The interest in studying Yukaghir languages has not waned today. In 2003, A Grammar of Kolyma Yukaghir by E.Maslova was published: the book was based on the results of many years of her field work, but it took into account the previous descriptions of the language and used the material of oral texts extensively. An important contribution into studying Southern Yukaghir is made by researchers from other countries too, for instance, I.Nikolaeva (School of Oriental and African Studies, London University), who has been doing comparative and historical studies of Yukaghir languages. Her dissertation was about the genetic connections of Uralic and Yukaghir languages. In 2006 she published A Historical Dictionary of Yukaghir , which offered for the first time a reconstruction of lexis of a Proto-Yukaghir language, the ancestor of the present-day Yukaghir languages. In 2020, she carried out a similar analysis for morphological indicators in her Yukaghir Morphology in a Historical and Comparative Perspective .
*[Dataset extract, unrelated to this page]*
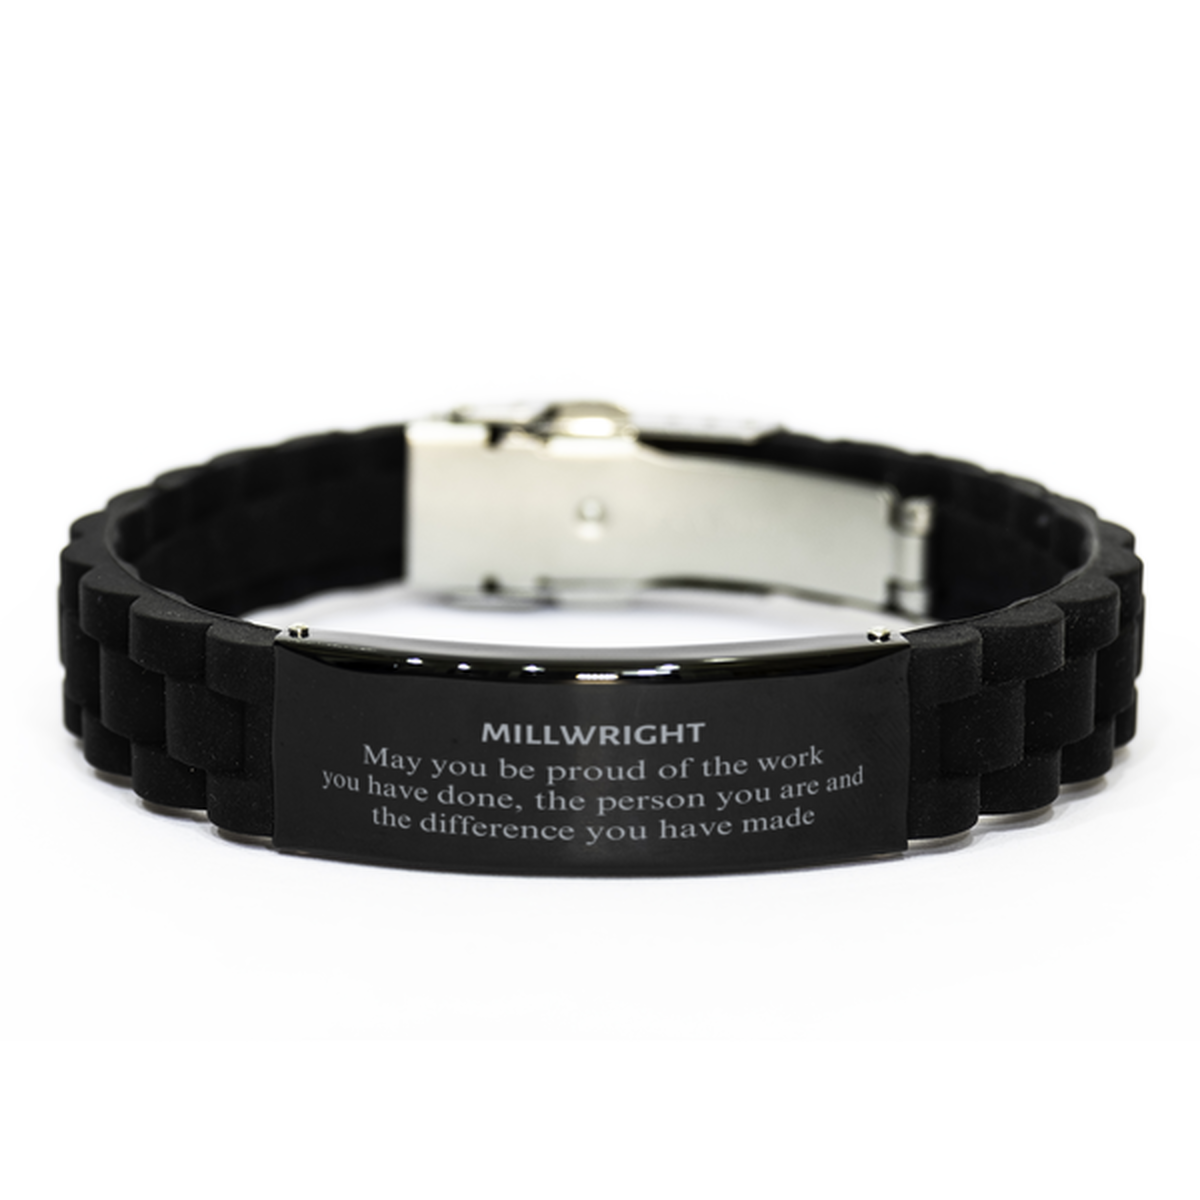 Millwright May you be proud of the work you have done, Retirement Millwright Black Glidelock Clasp Bracelet for Colleague Appreciation Gifts Amazing for Millwright
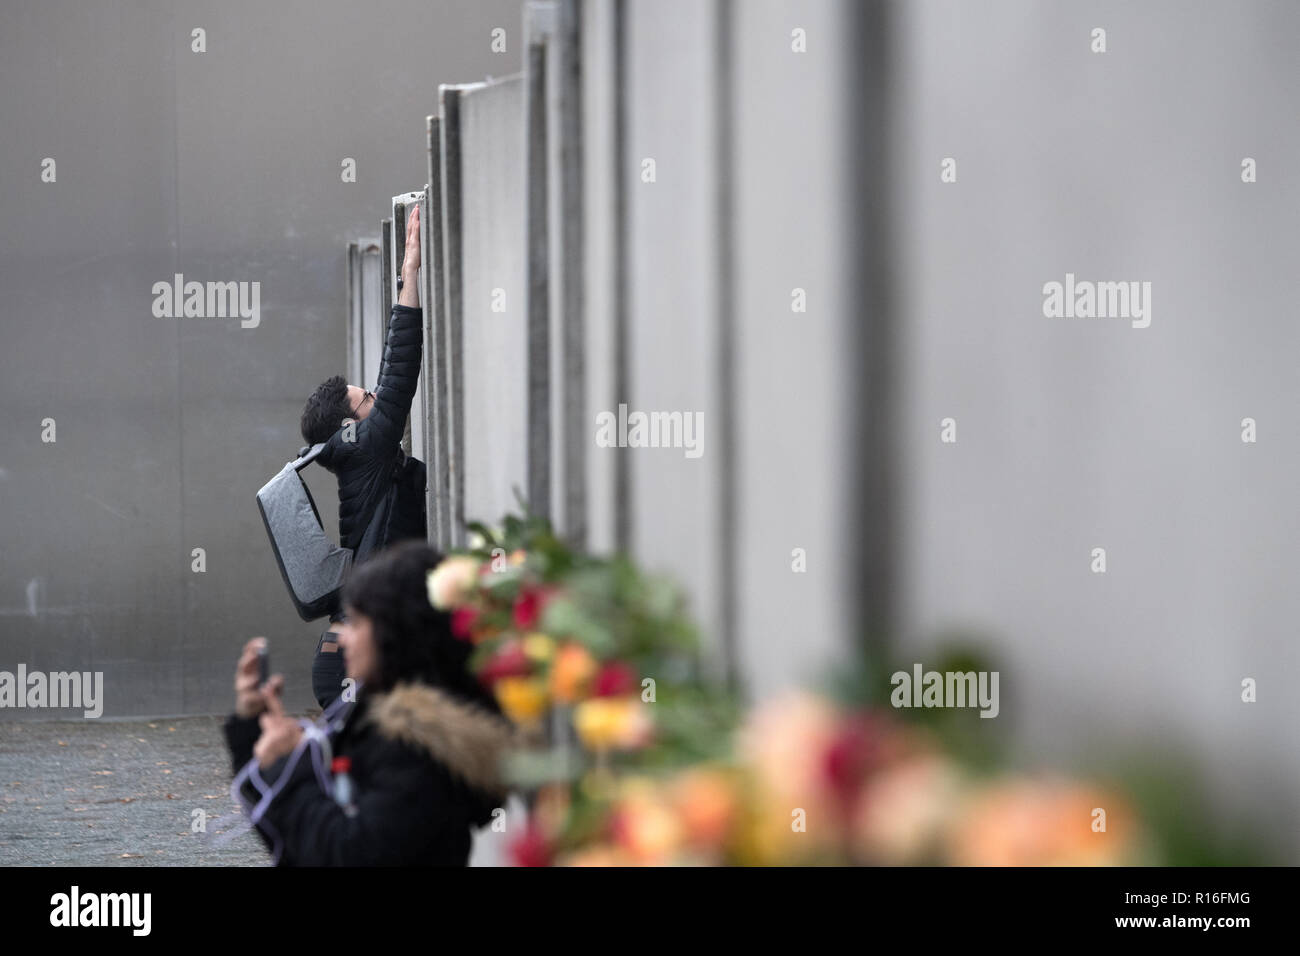 Berlin, Germany. 09th Nov, 2018. People place roses at the Berlin Wall Memorial during a commemoration ceremony marking the 29th anniversary of the Berlin Wall fall. Credit: Ralf Hirschberger/dpa/Alamy Live News Stock Photo

Specialists in Yukaghir languages now work at the Department of Northern Philology of the Institute for Humanies Research and Problems of North Indigenous Peoples of the Siberian Branch of the RAS. The Department holds annual expeditions to the places of compact habitation of Evenki, Evens, Yukaghirs to collect linguistic, folklore and ethnographic materials and to analyse the ethnocultural situation. The problems of the Southern Yukaghir language are studied by P.E. Prokopyeva and A.E. Prokopyeva. One great result of their work was the 2021 publication of the Yukaghir-Russian Dictionary (language of Forest Yukaghirs). The dictionary extensively used the field materials by researchers who collected information from Yukaghir speakers in 1989-2019.